=== ACTION ITEM ===
From the line containing "YT Events Calendar - Plan your road trip!" through the last line of the material, copy every line exactly, both ends inclusive; do not copy pictures.

*** Opening of INFORMATION SUPPLIED ***

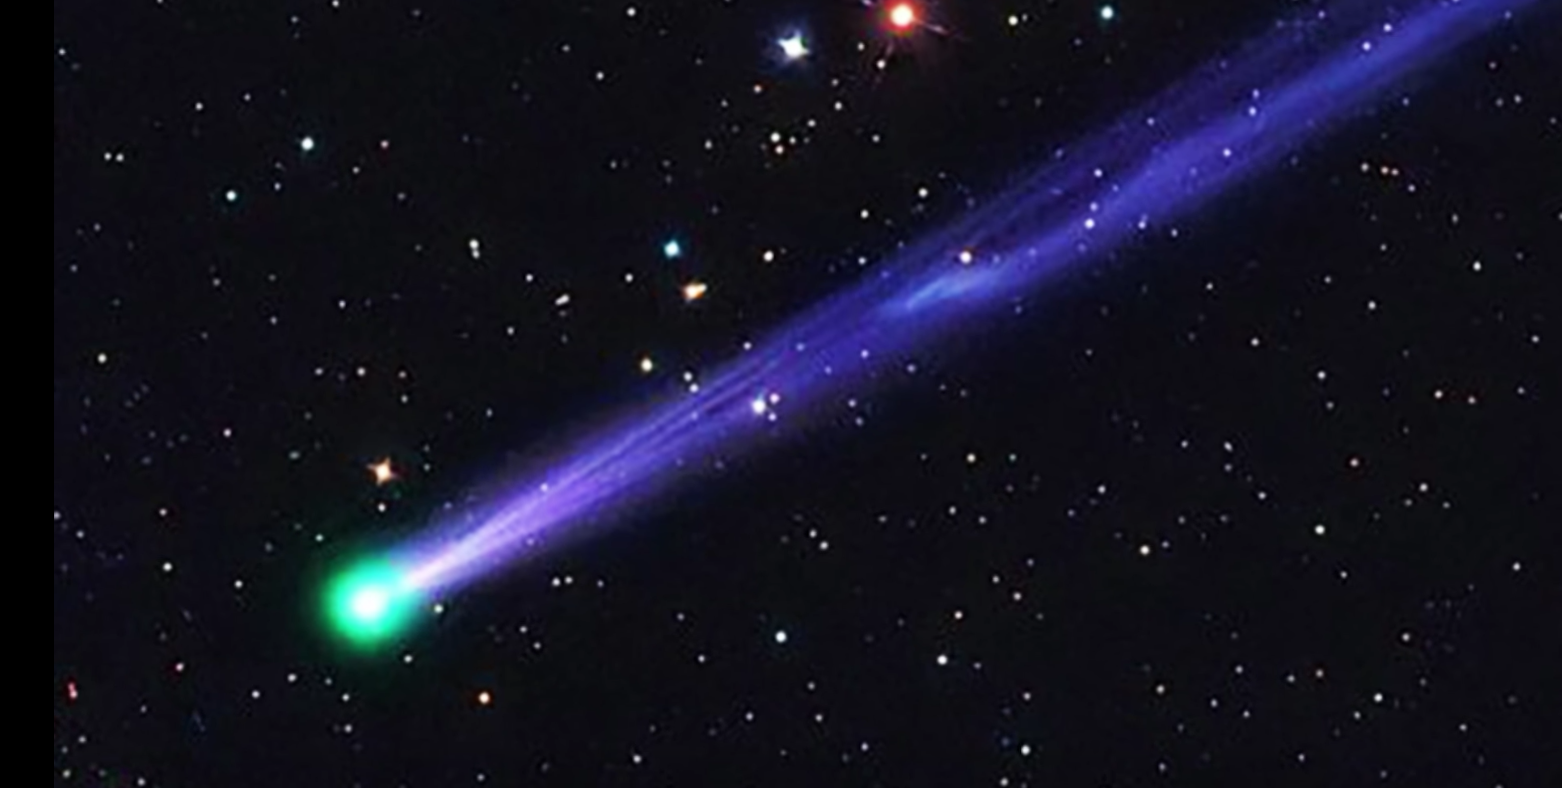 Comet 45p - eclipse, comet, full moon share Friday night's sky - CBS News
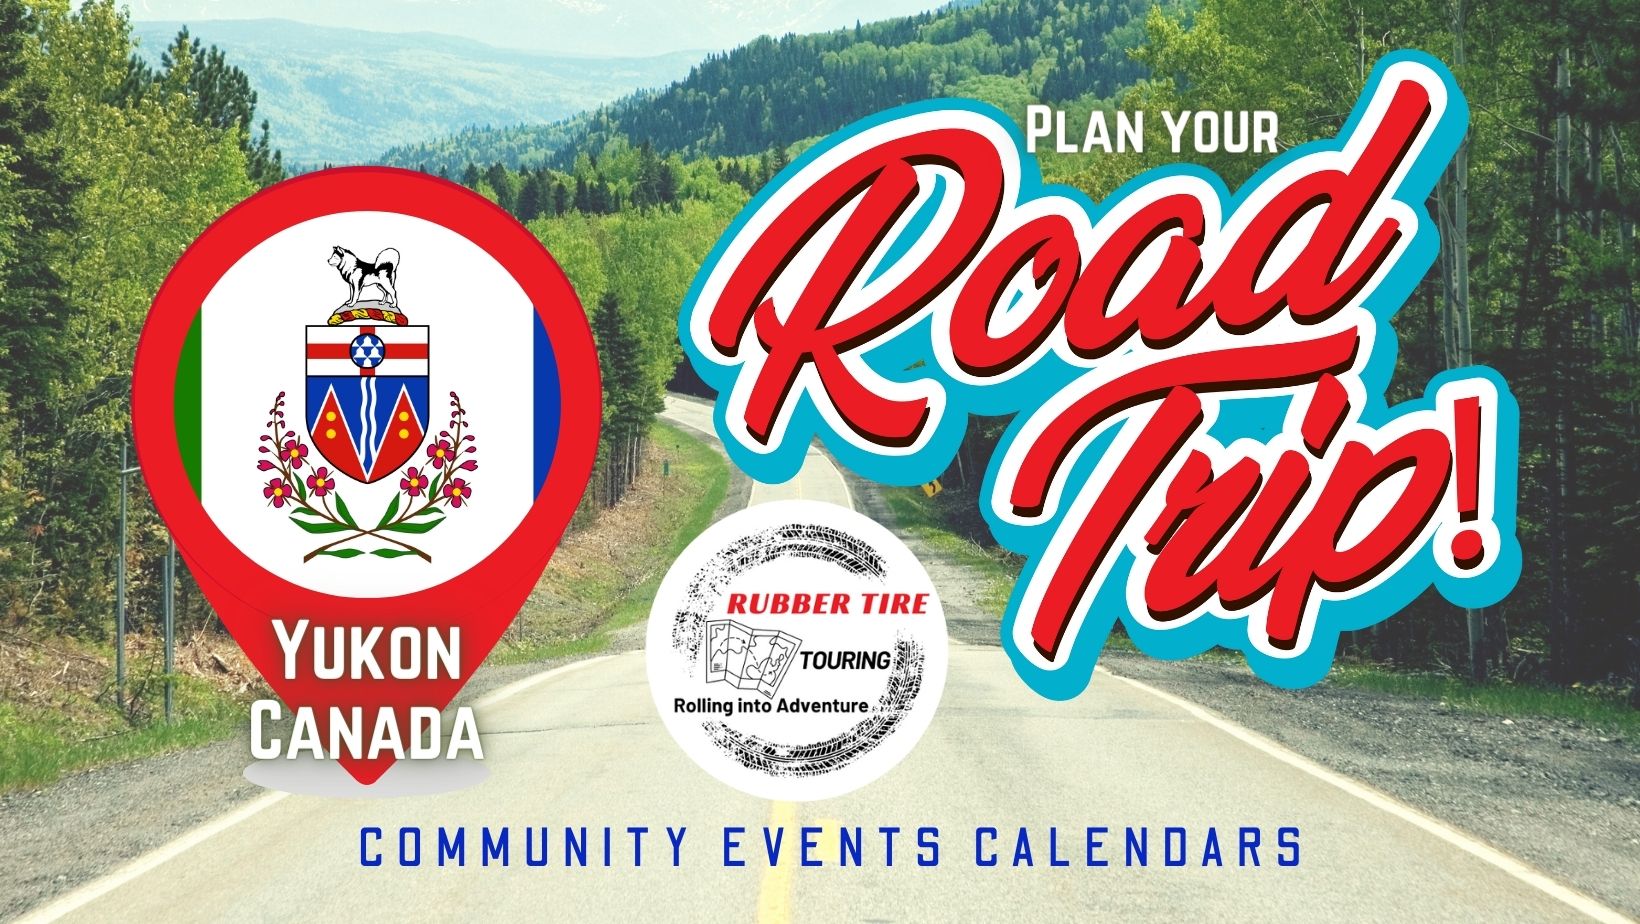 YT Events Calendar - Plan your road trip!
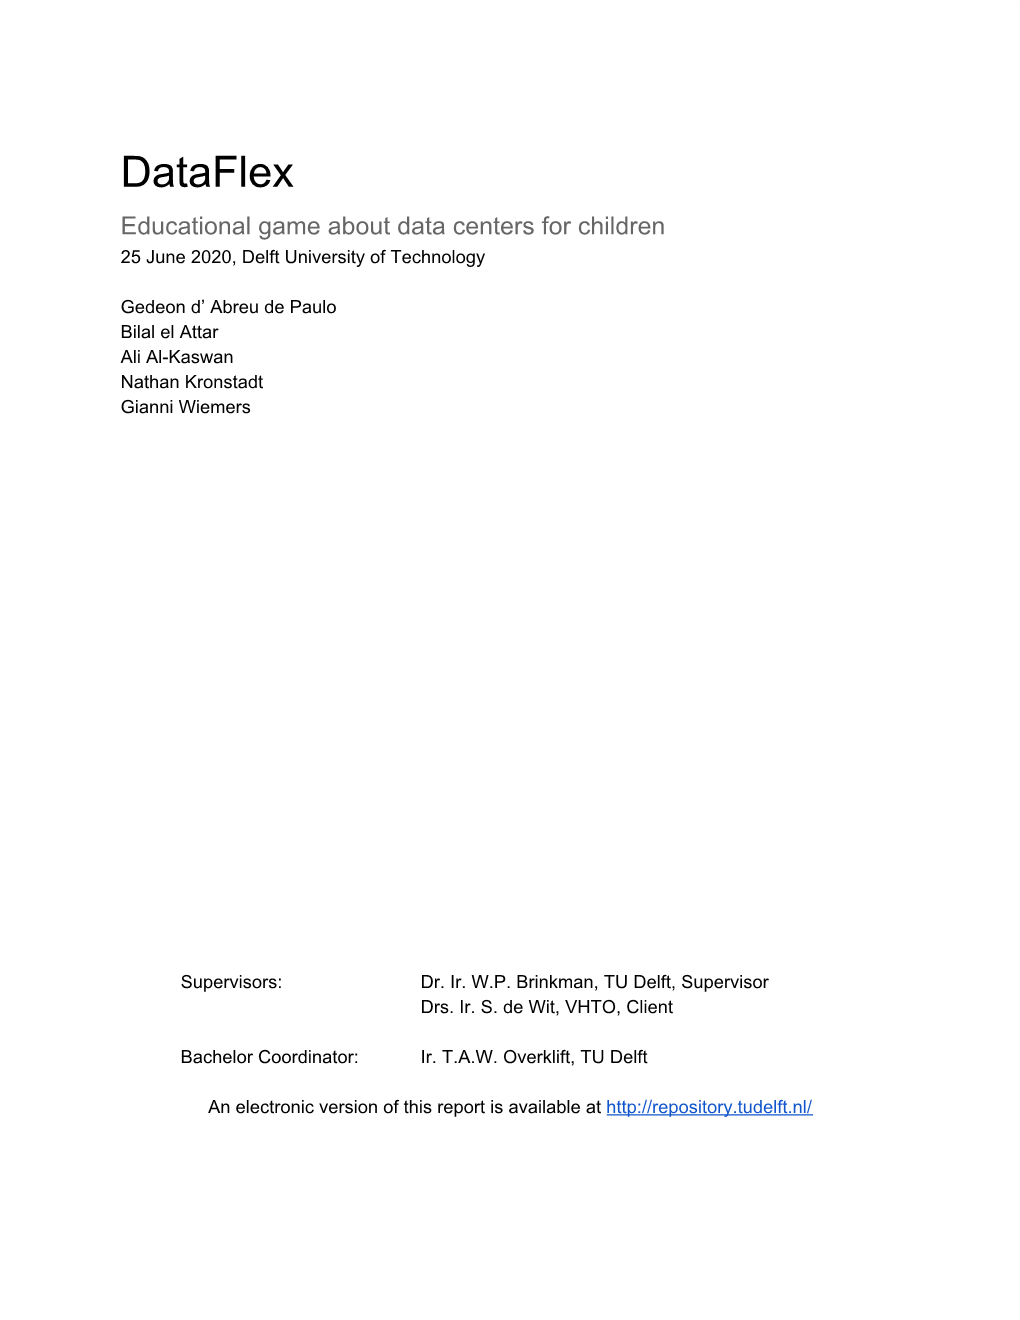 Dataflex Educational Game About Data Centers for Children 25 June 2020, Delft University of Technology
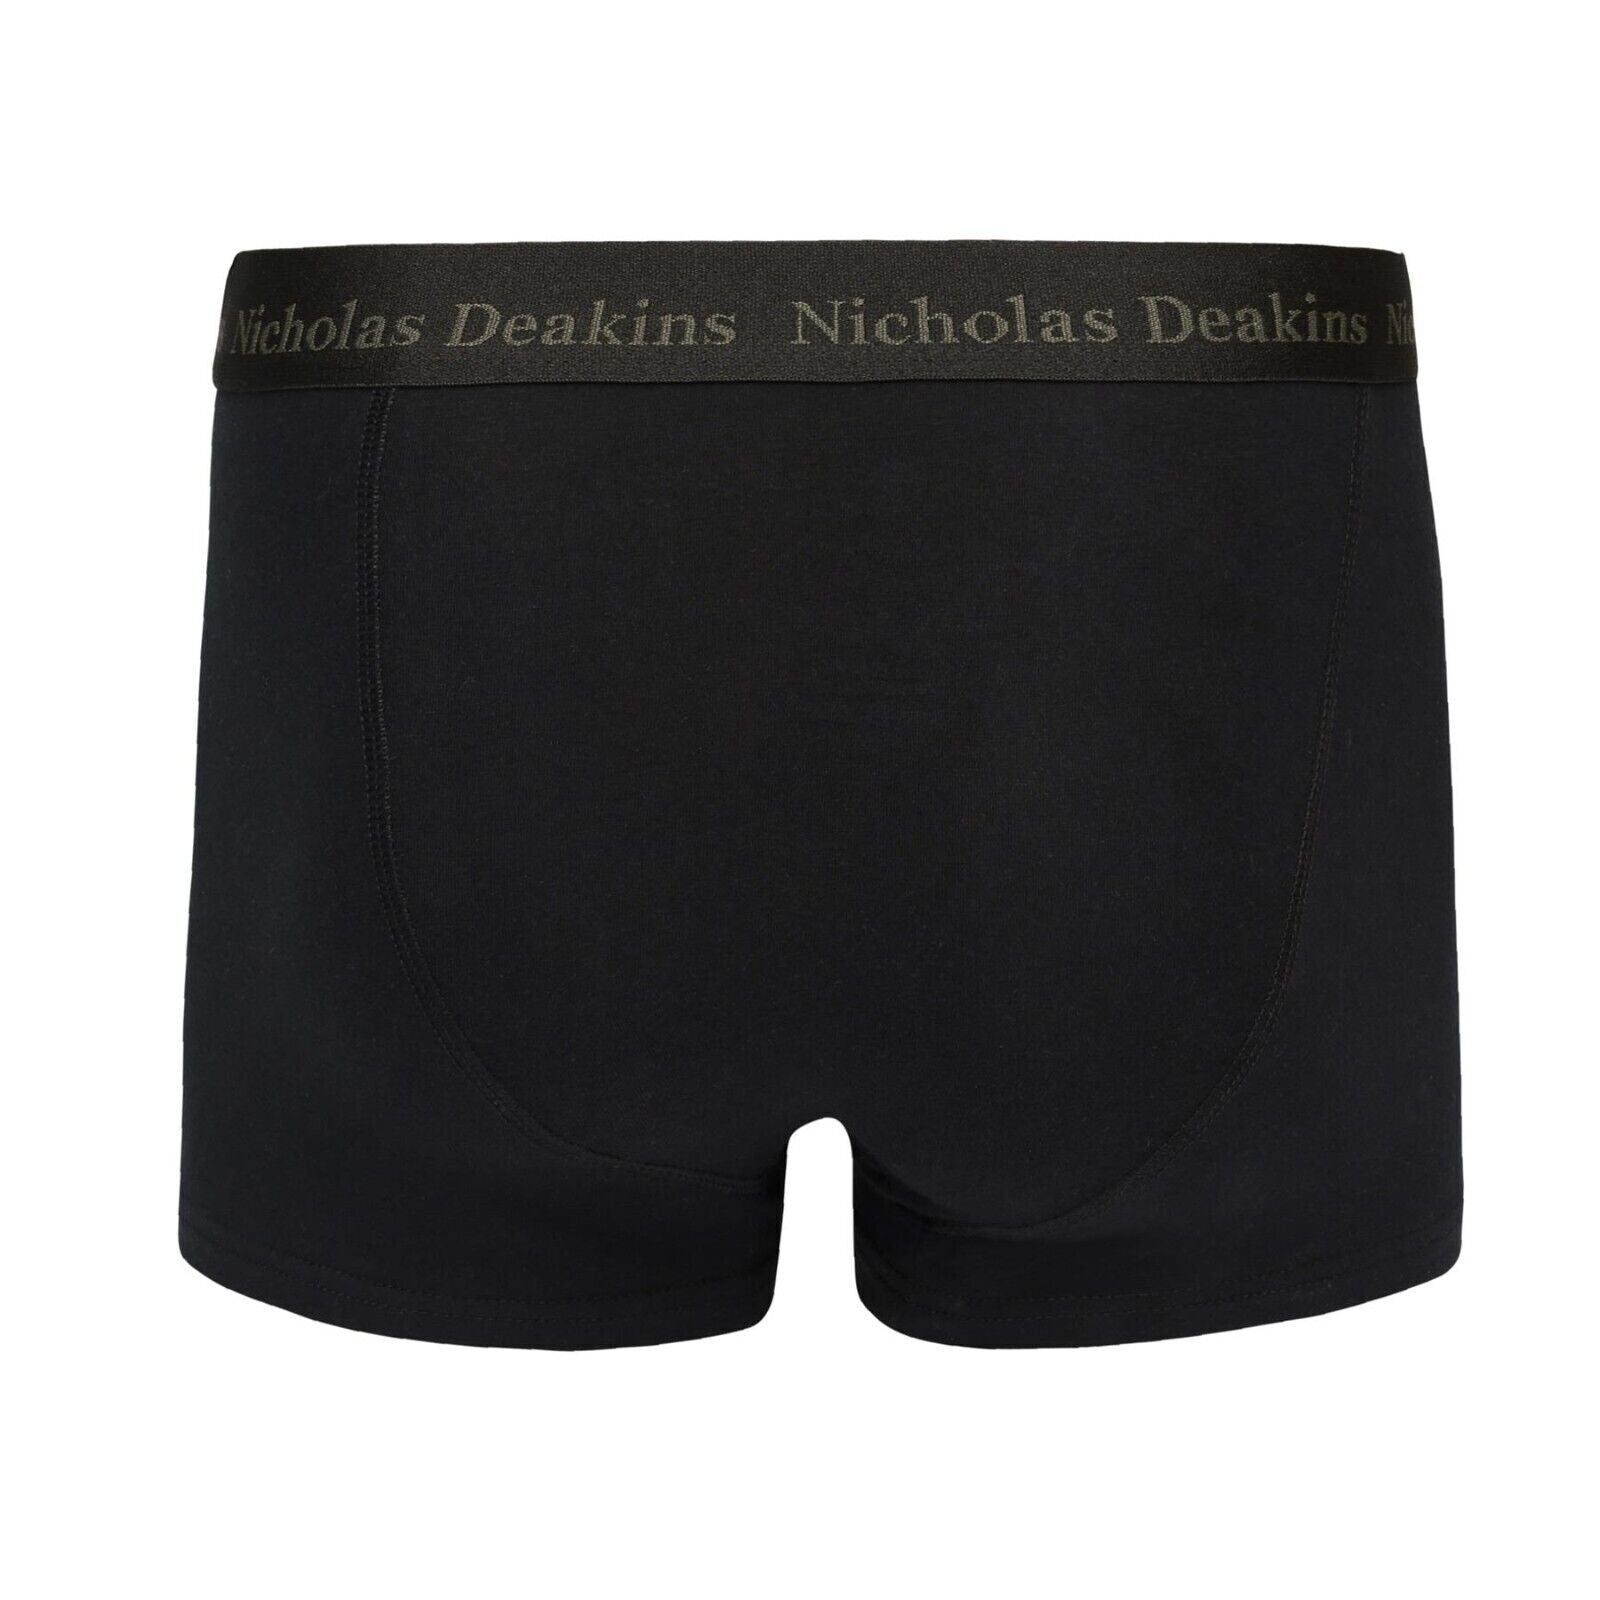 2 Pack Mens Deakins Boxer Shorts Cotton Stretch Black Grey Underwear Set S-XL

*** Close of INFORMATION SUPPLIED ***

=== TASK RESULT ===
 YT Events Calendar - Plan your road trip!
 Dataflex Educational Game About Data Centers for Children 25 June 2020, Delft University of Technology
 2 Pack Mens Deakins Boxer Shorts Cotton Stretch Black Grey Underwear Set S-XL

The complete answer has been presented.